Mars, 47, continued moving forward during the race’s second half. He was fifth at lap 20 and proceeded to grab fourth from Cade Dillard of Robeline, La., on lap 30 and steal third from Junghans on the final circuit.
Would Mars have liked a caution flag to fly late in the distance? He wasn’t sure.
“In one way you wish it would’ve happened,” Mars said. “In another way, after the last couple runs that I’ve had, I was happy that I got third. That was kind of a win for us the way we’ve been going.
“We’ve been fighting some ignition problems, which has been affecting the car quite a bit. I was trying to go back through and figure out what’s been going on, so hopefully we got things back in order again. We’ve been running consistent all year and then all of a sudden I didn’t know what was wrong. It kind of freaked me out.”

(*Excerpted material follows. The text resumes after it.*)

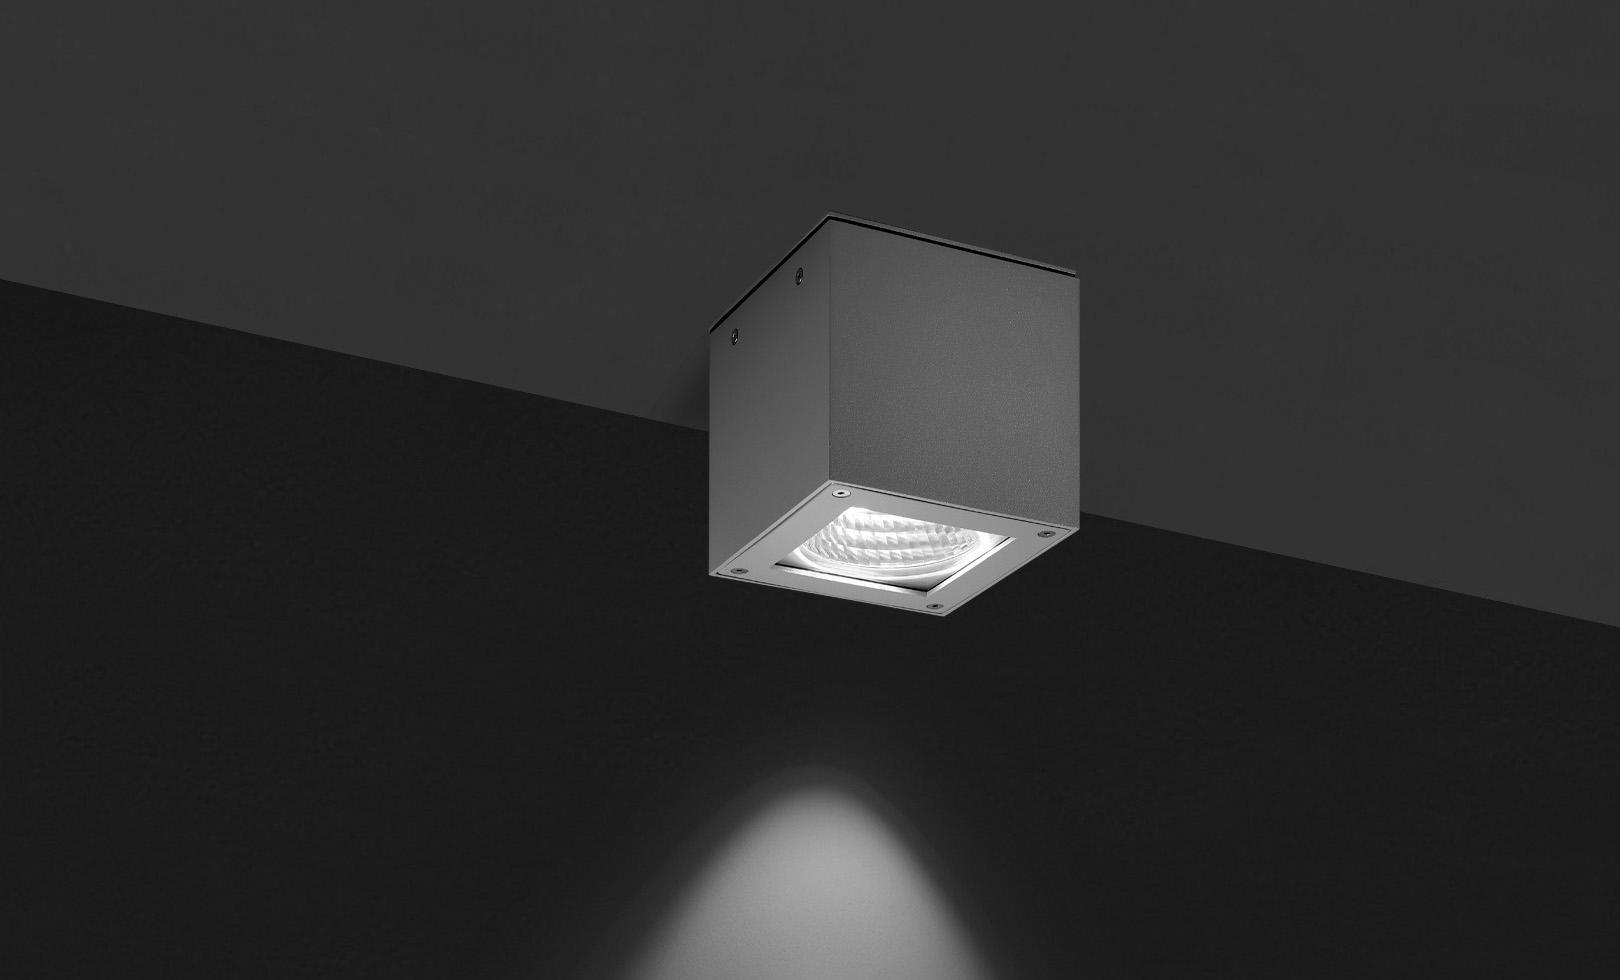 706011 TECH MEDIUM COMPACT 03 SQUARE LED 20W 1

Clanton’s victory continued his steady improvement since replacing Chris Madden of Gray Court, S.C., in the newest Skyline Motorsports entry just over one month ago. He noted that his confidence in his new affiliation is growing thanks to the manpower he now has behind him as his mechanic when he drove his father-in-law Ron Davies’s equipment, Josh Smith, has been joined by Steve Dixon and Roger Padgett, the Skyline Motorsports employees who worked with Madden.

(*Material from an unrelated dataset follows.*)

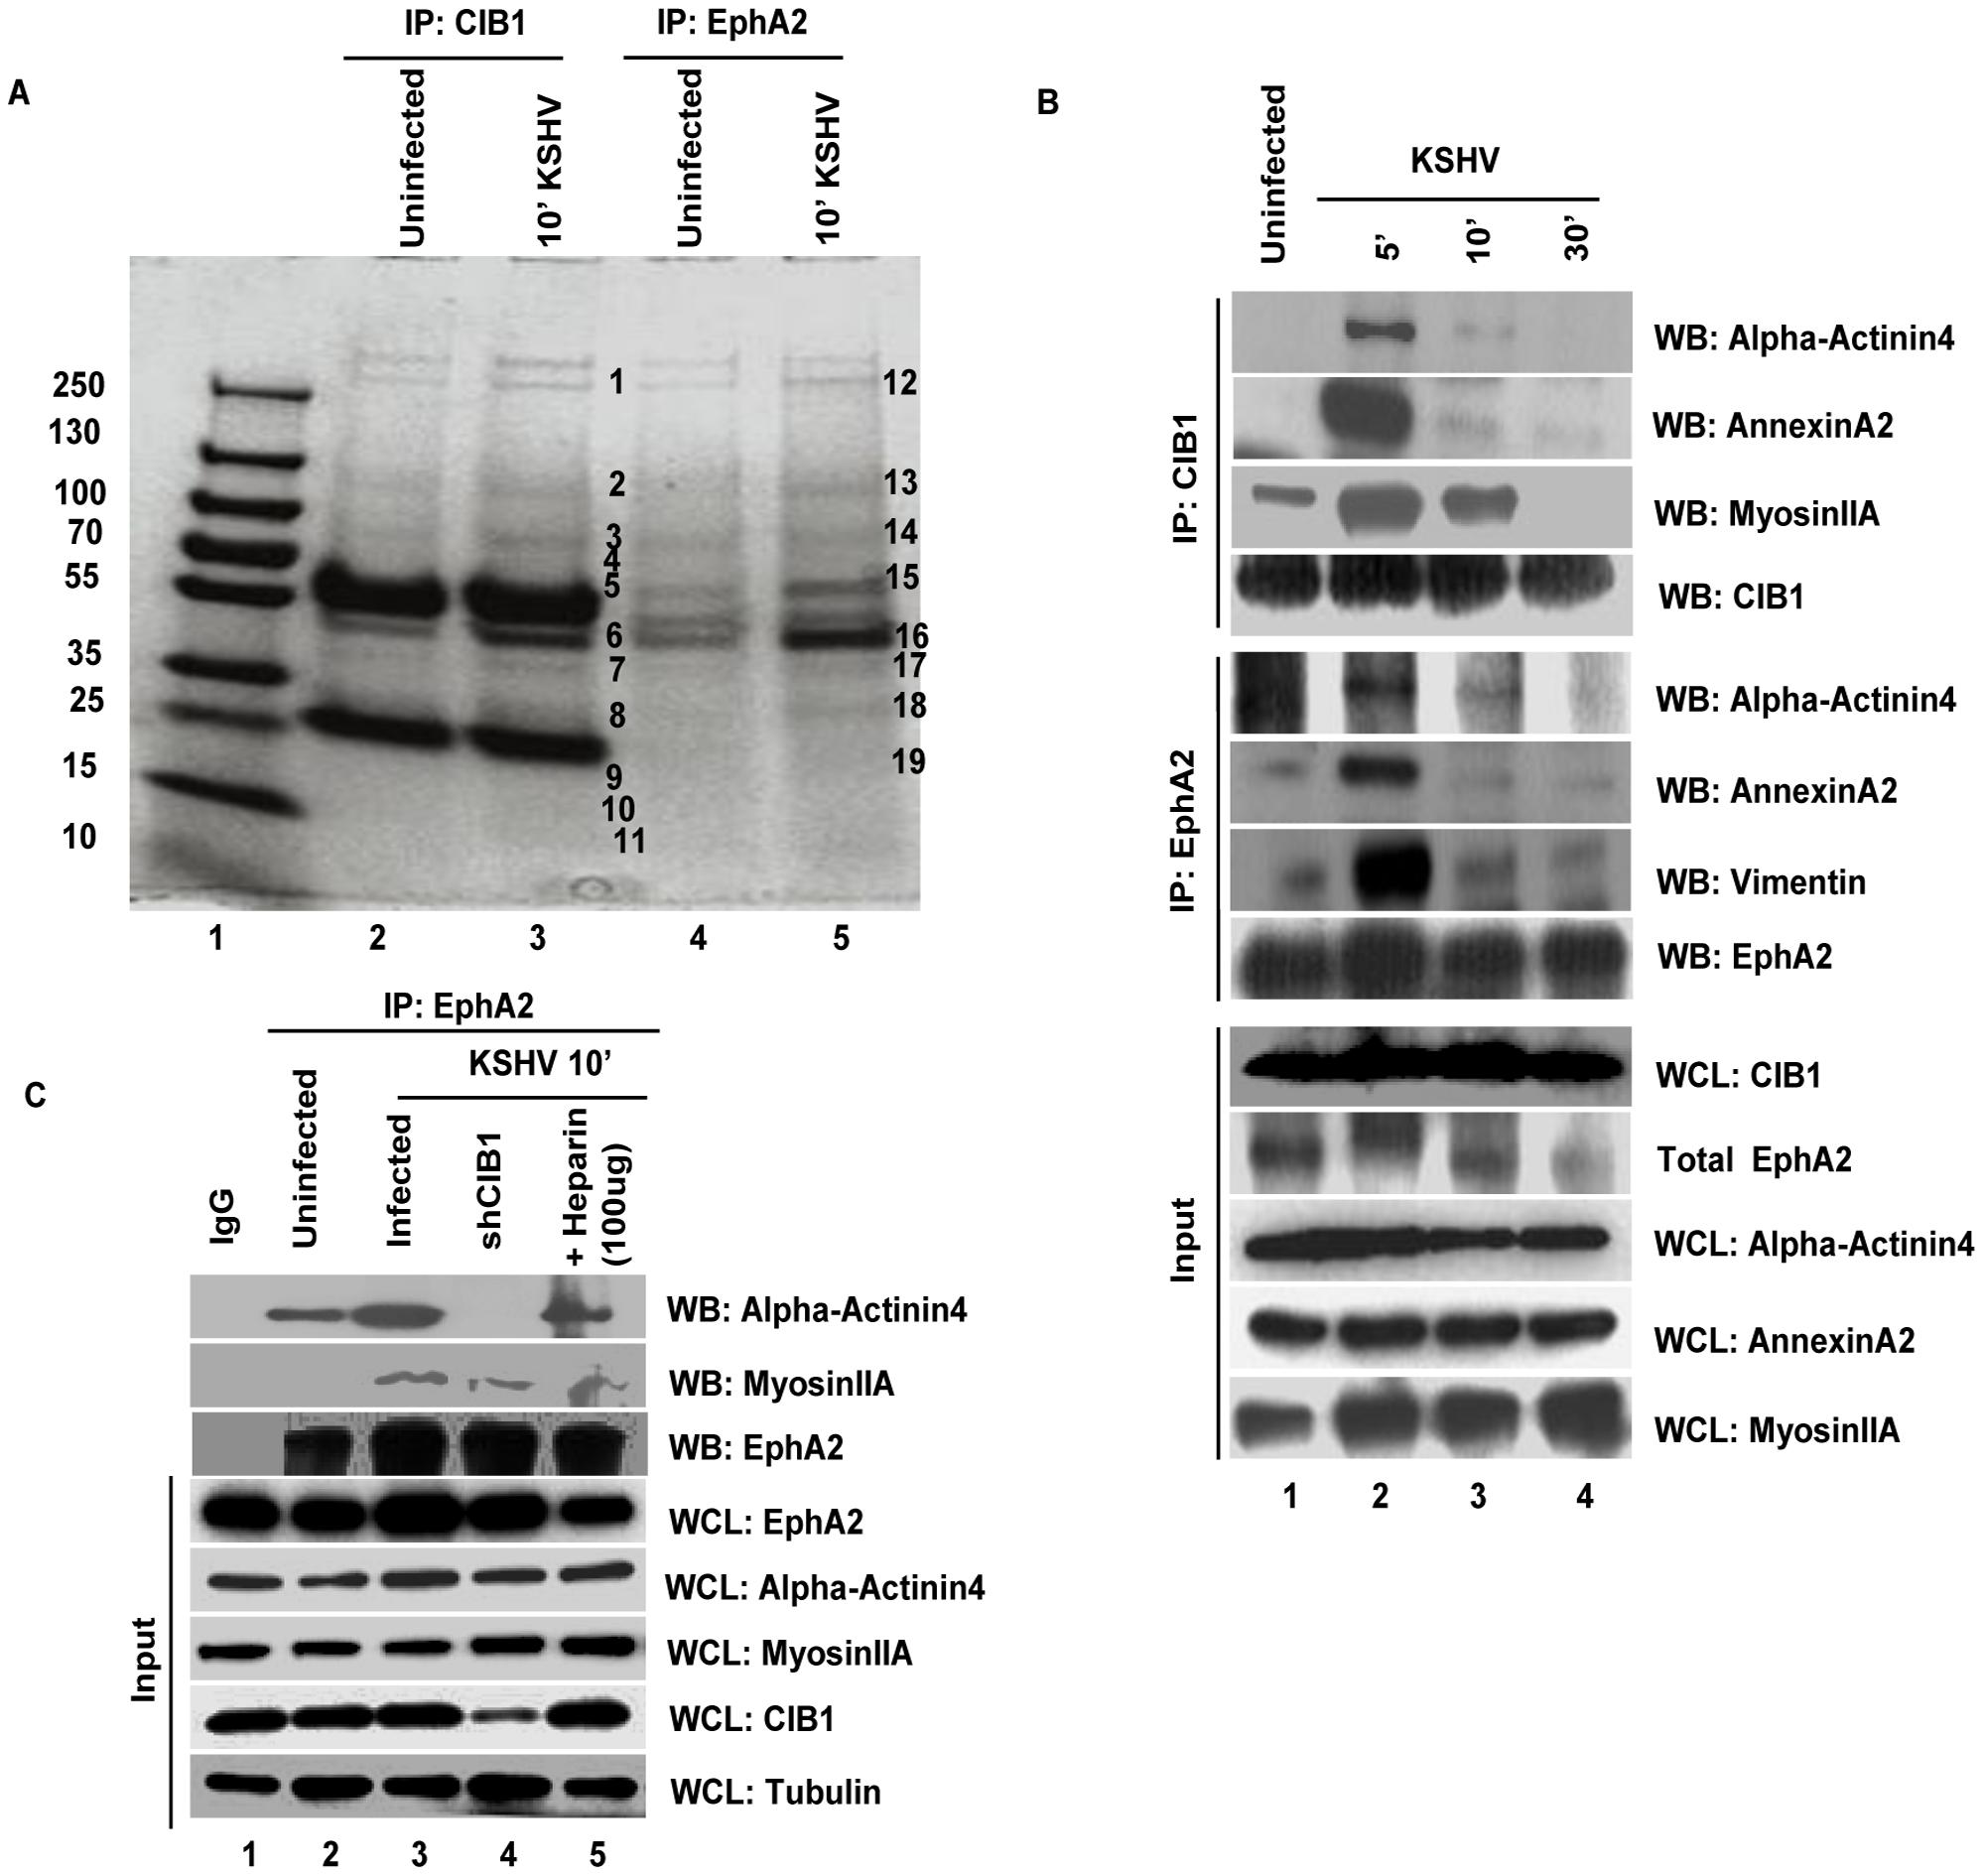 Mass spectrometric analysis of immunoprecipitates of anti-CIB1 and EphA2 antibodies with lysates from KSHV infected HMVEC-d cells.

“Since Day 1 we were gelling,” Clanton said. “Even when they (Dixon and Padgett) were working for Madden we still discussed things back and forth. What (joining forces) has allowed me to do is concentrate on my race car. What people don’t realize is, yeah, I’ve had good help before and I’ve had the right help, but not the right help and enough help.
“The 1 car (Sheppard) has got three full-time guys — and actually four with (team owner) Mark (Richards) — and to compete against that you’ve got to have the equal (number of crewmen) so I can concentrate on my car and not have to do other things. Now (with three full-time crewmen) I don’t have to work on my race car; I let Steve work on it and I just make the adjustments. I just tell him what to do and he immediately goes and does it. If I tell him to turn four shocks over and put them right back on, he don’t argue one bit. He just goes out there and does it.

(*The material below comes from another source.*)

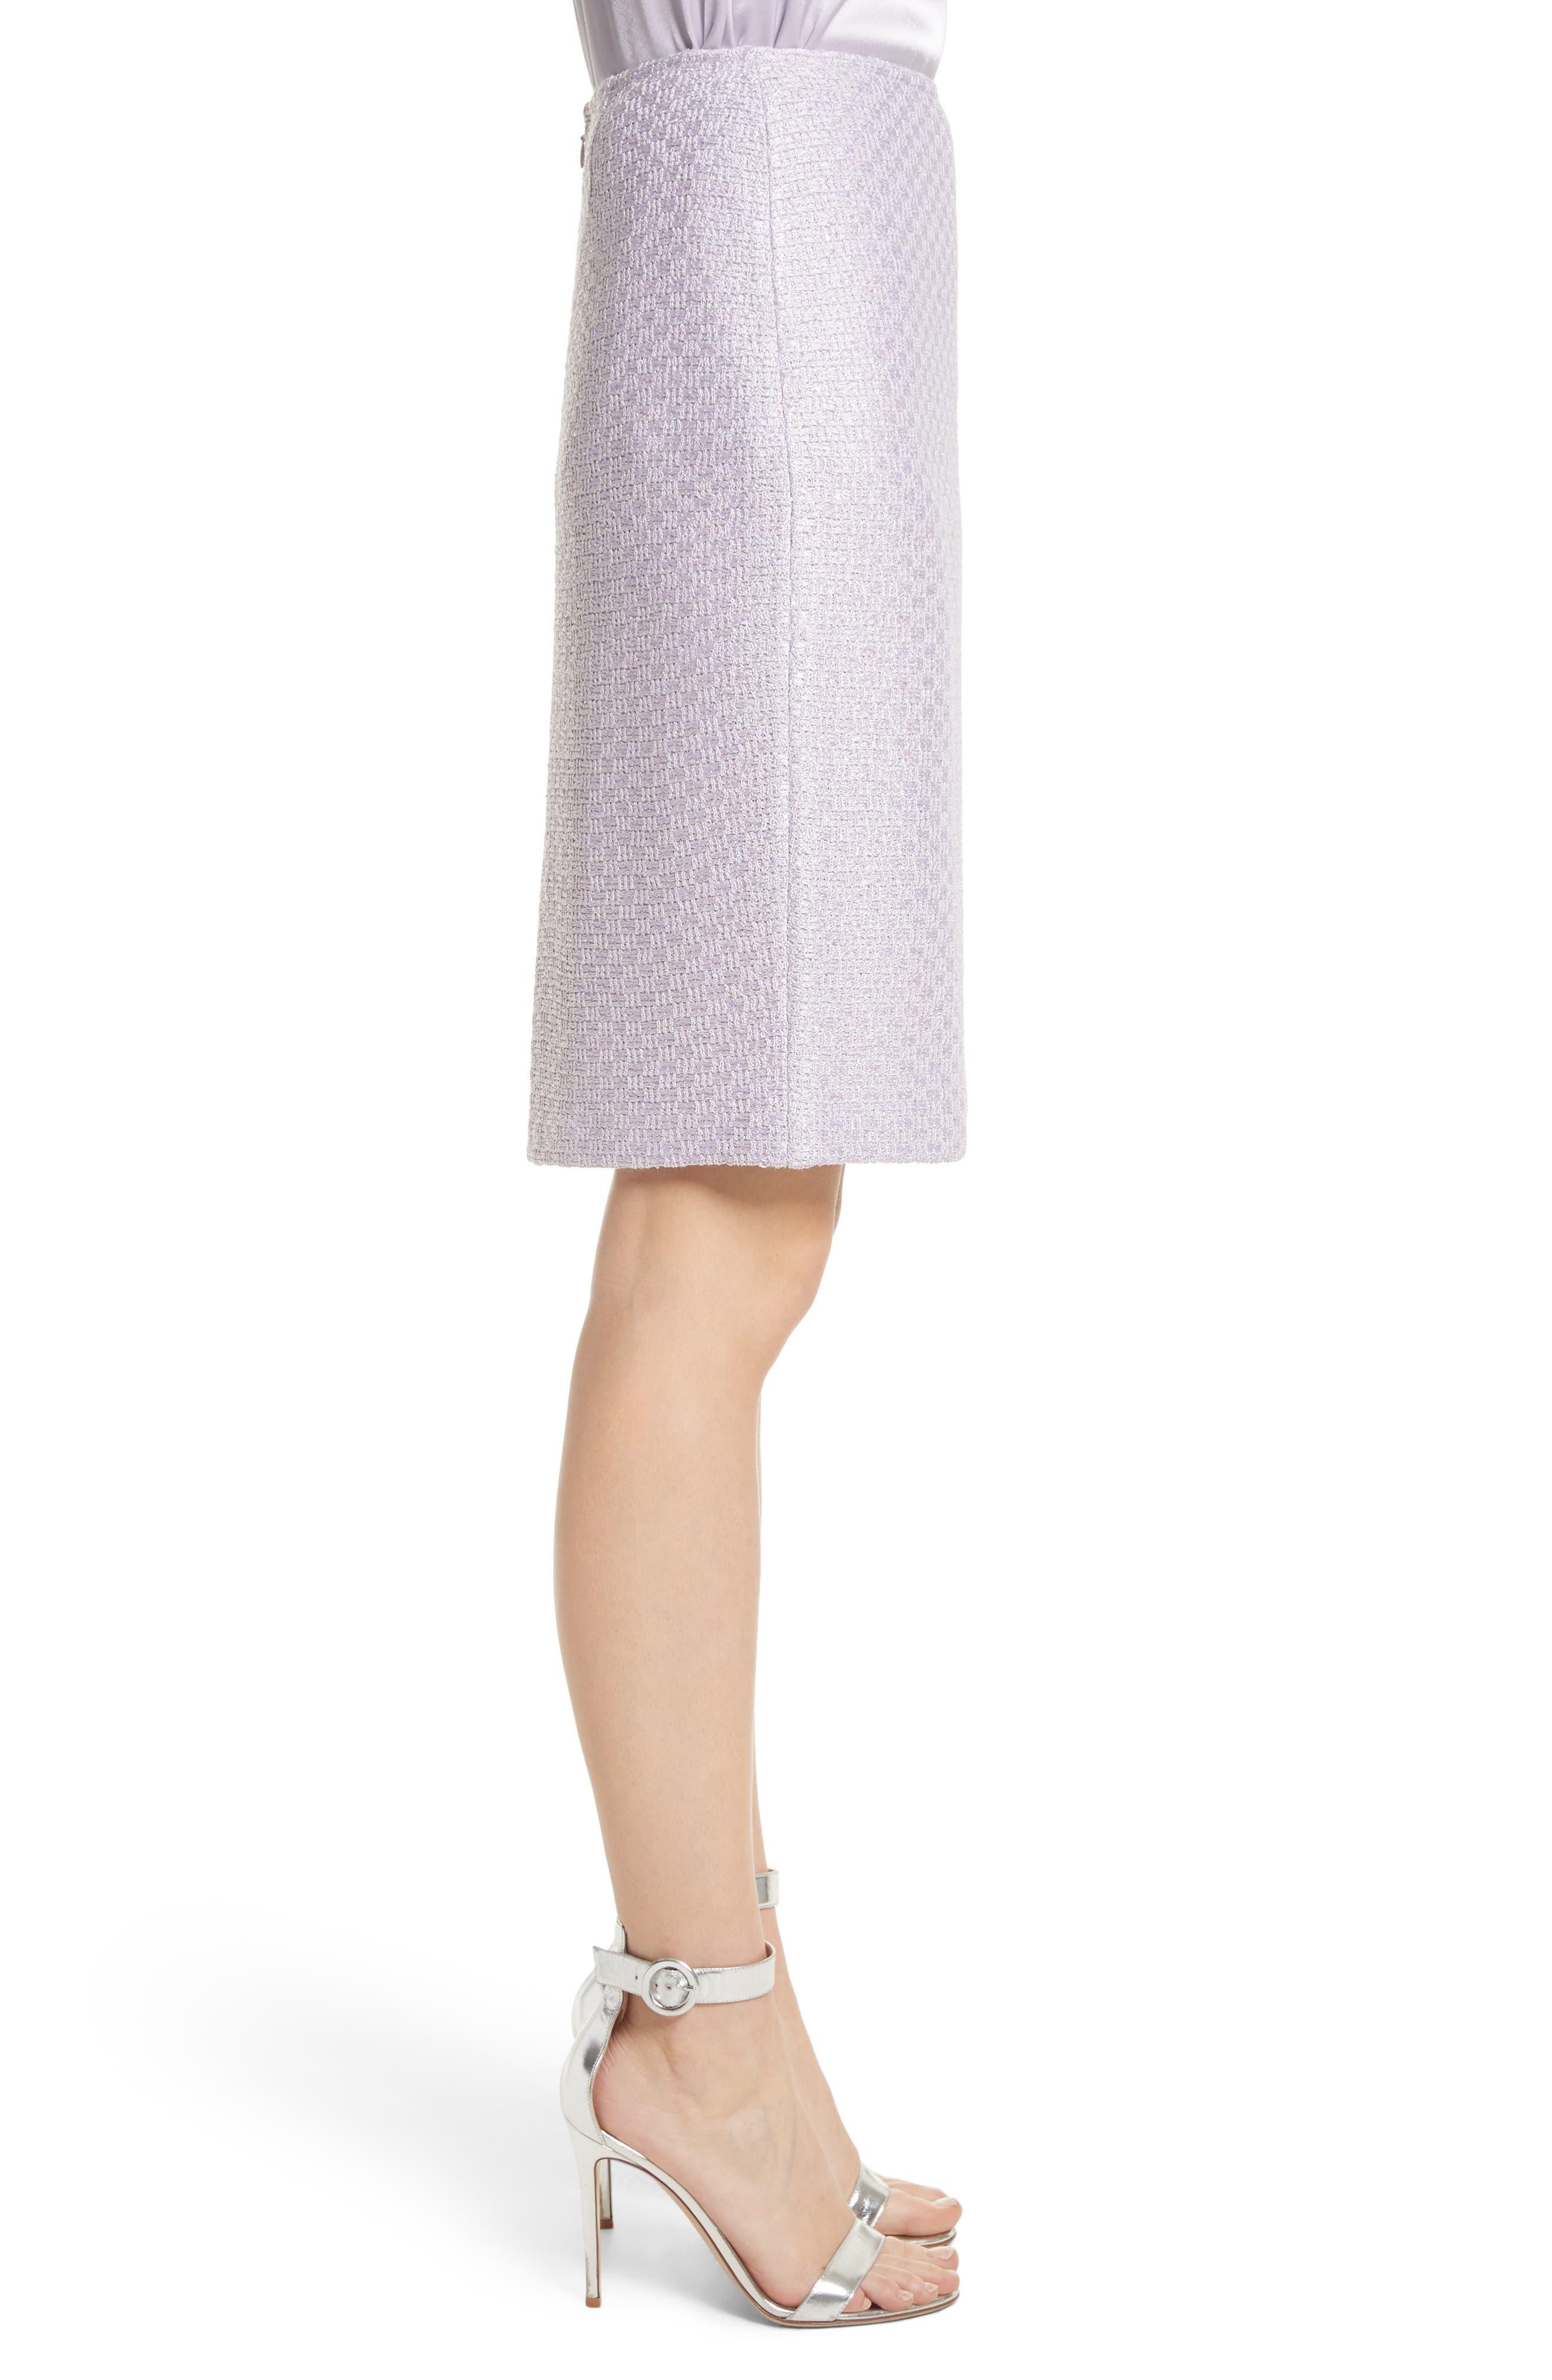 Hansh Sequin Knit Pencil Skirt,                             Alternate thumbnail 3, color,

“That means more than what people realize. When you have to argue with your crew while we’re doing something … I don’t have to argue one bit with him. When we do it and we’re wrong, he says, ‘Man, you should’ve never done that,’ but it ain’t like he’s griping that he had to do it. He’ll just go do anything I ask him to do and it’s hard to find somebody like that.”
Notes: Clanton, who registered his 45th career WoO victory, scored his two previous series wins this season on Feb. 9 at Screven Motor Speedway in Sylvania, Ga., and July 13 at Ogilvie (Minn.) Raceway. His previous WoO triumphs at Shawano, meanwhile, came in 2015 and ’16. … Cade Dillard ran in the top five for much of the distance before finishing sixth. … After leading the race’s first lap, Boom Briggs faded to a 13th-place finish, one lap down at the checkered flag. … Darrell Lanigan of Union, Ky., said he “loves” racing at Shawano and he’s had plenty of success on the big layout — he won the WoO feature in 2011, ’12 and ’14 — but he was never a factor Tuesday en route to a ninth-place finish. He said an ignition problem plagued him throughout the night and caused a vibration in his car during the feature. … Tyler Bruening was unable to parlay his second-fastest qualifying lap into heat-race success after he was outgunned for the lead at the start by Briggs and then slid high in dirty air in turn two to fall to fourth. He finished 10th in the feature, going a lap down to Clanton at the finish line. … The only driver in the 23-car field who didn’t start the feature was Chris Engels of Green Bay, Wis., who hit the wall during hot laps. ... The event was co-sanctioned by the Dirt Kings Tour, which awarded its drivers show-up points for participating.